I’ve been doing the Weekly
Challenges. The
latest
involved Cartesian coordinates and a light sequence modification.
(Note that this ends today.)
Task 1: Straight Line
You are given a list of co-ordinates.
Write a script to find out if the given points make a straight line.

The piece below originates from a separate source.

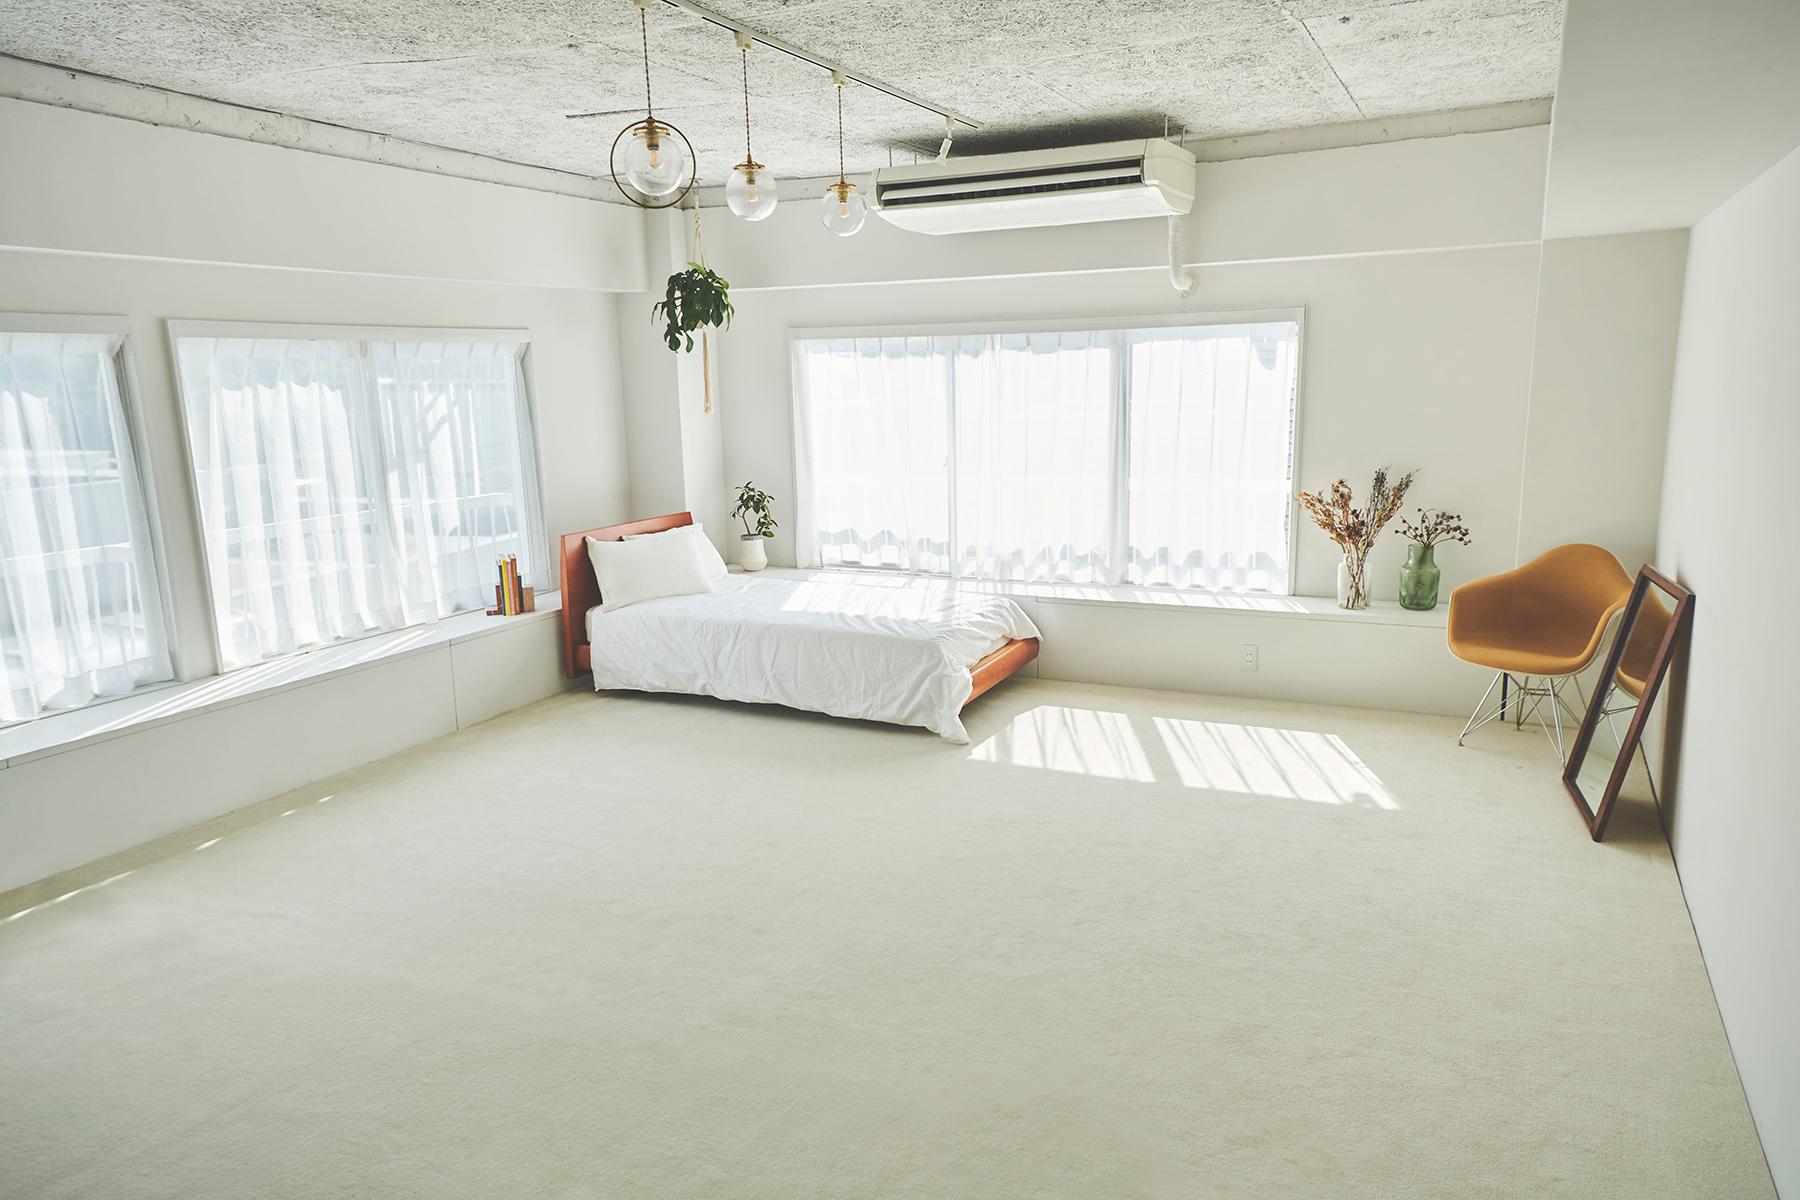 TILL STUDIO (ティル スタジオ)
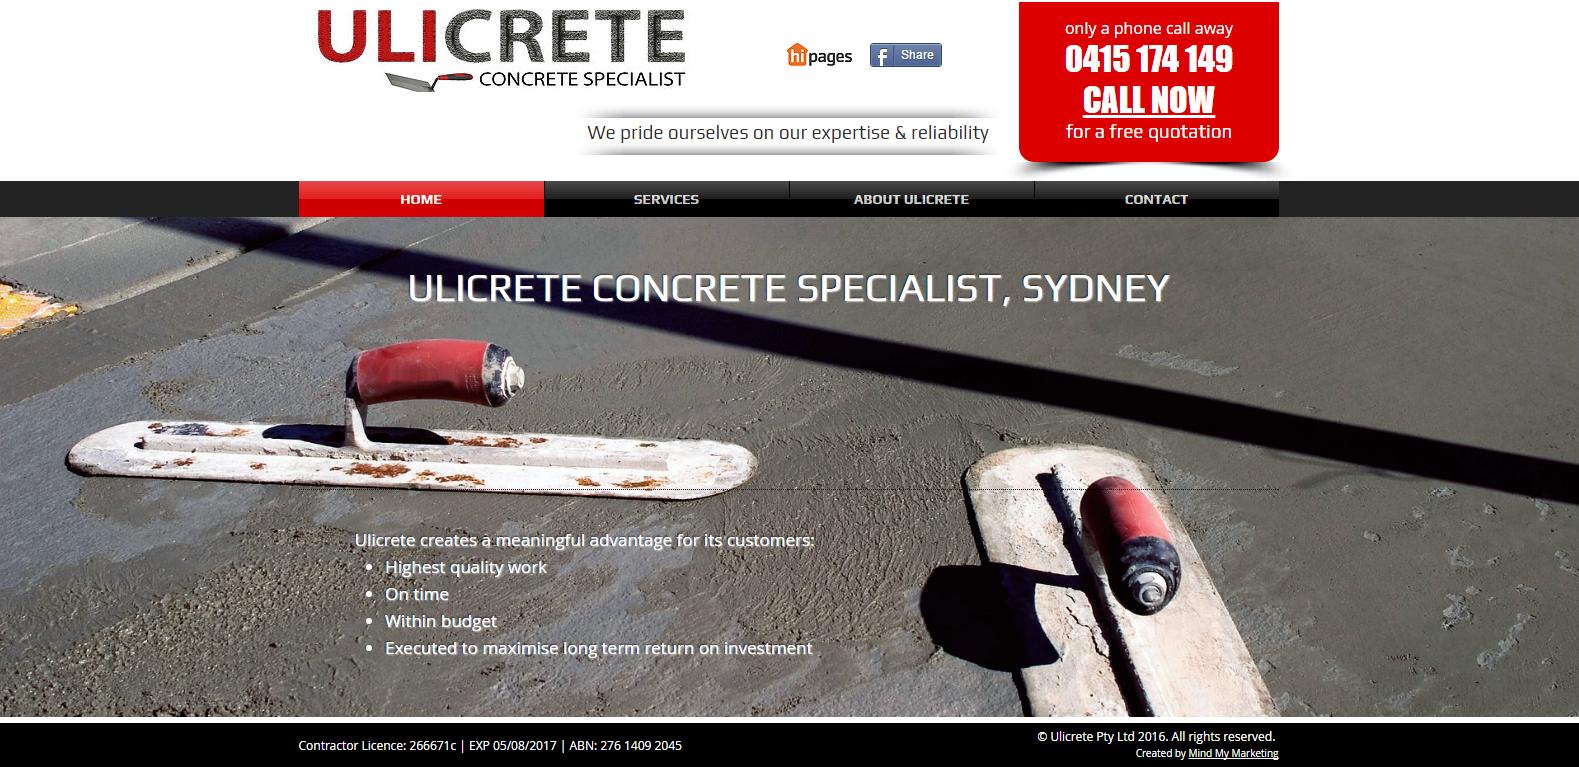 Ulicrete Concrete Specialist Sydney

With the usual provisos about floating point errors… this is much
easier in a language in which a pair of numbers can be a hash element.
Crystal:
def straightline(a)
The order doesn't matter, but b
is a list of the unique points.
b = a.to_set.to_a
Two unique points (or fewer, as in example 4) count as being in a
straight line.
if b.size < 3
return true
end
Build line equations: x = p + qn
, y = r + sn
, from the (arbitrary)
first two points.
p = b[0][0]
q = b[1][0] - b[0][0]
r = b[0][1]
s = b[1][1] - b[0][1]
Now check each of the other points:
b[2, b.size].each do |tpair|
If q
is zero, x
must be a constant, so just check that it equals
the base value.
if q == 0.0 && tpair[0] != b[0][0]
return false
end
Similarly with s
and y
.
if s == 0.0 && tpair[1] != b[0][1]
return false
end
Otherwise, use the equations above to solve for n
with the given x
and y
. If the two values are not equal, the point does not lie on
the line.
if q != 0.0 && s != 0.0
n1 = (tpair[0] - p) / q
n2 = (tpair[1] - r) / s
if n1 != n2
return false
end
end
end
true
end
Languages with non-hashable arrays need a bit more fiddle in the
preamble; as in Python, where each point is checked against the
preceding ones. (Yes, I know Python specifically has a way of fiddling
this. I couldn't be bothered to look it up, and I had to write the
algorithm for other languages anyway.) The first line of the above is
replaced by this:
def straightline(a):
Start with an empty list.
b = []
Look at each point. Assume we'll use it.
for xy in a:
u = True
Check each point we already have.
for bxy in b:
If both coordinates match, it's a duplicate, so flag it as not for
use.
if xy[0] == bxy[0] and xy[1] == bxy[1]:
u = False
break
If it's still flagged for use, append it to the list.
if u:
b.append(xy)
Task 2: Duplicate Zeros
You are given an array of integers.
Write a script to duplicate each occurrence of zero, shifting the
remaining elements to the right. The elements beyond the length of
the original array are not written.
Very straightforward: copy the list, append zeroes, stop when you have
enough. Lots of length testing. Perl:
sub duplicatezeros($a) {
my @b;
foreach my $n (@{$a}) {
push @b, $n;
if ($#{$a} ==$#b) {
last;
}
if ($n == 0) {
push @b, 0;
if ($#{$a} ==$#b) {
last;
}
}
}
\@b;
}
But I did rather like the PostScript approach.
/duplicatezeros {
Take the input list's length, and leave it at the bottom of the stack.
dup length exch
Start building an array.
[ exch
Iterate over the input values.
{
Drop the value on the stack, then add another zero if it was zero.
dup 0 eq {
0
} if
} forall
]
Now we need to trim this array for output; that's why we kept the
input length. Arrange the parameters into order and fire off the
getinterval
built-in, which is a sub-array copier.
exch 0 exch getinterval
} bind def
Full code on
github.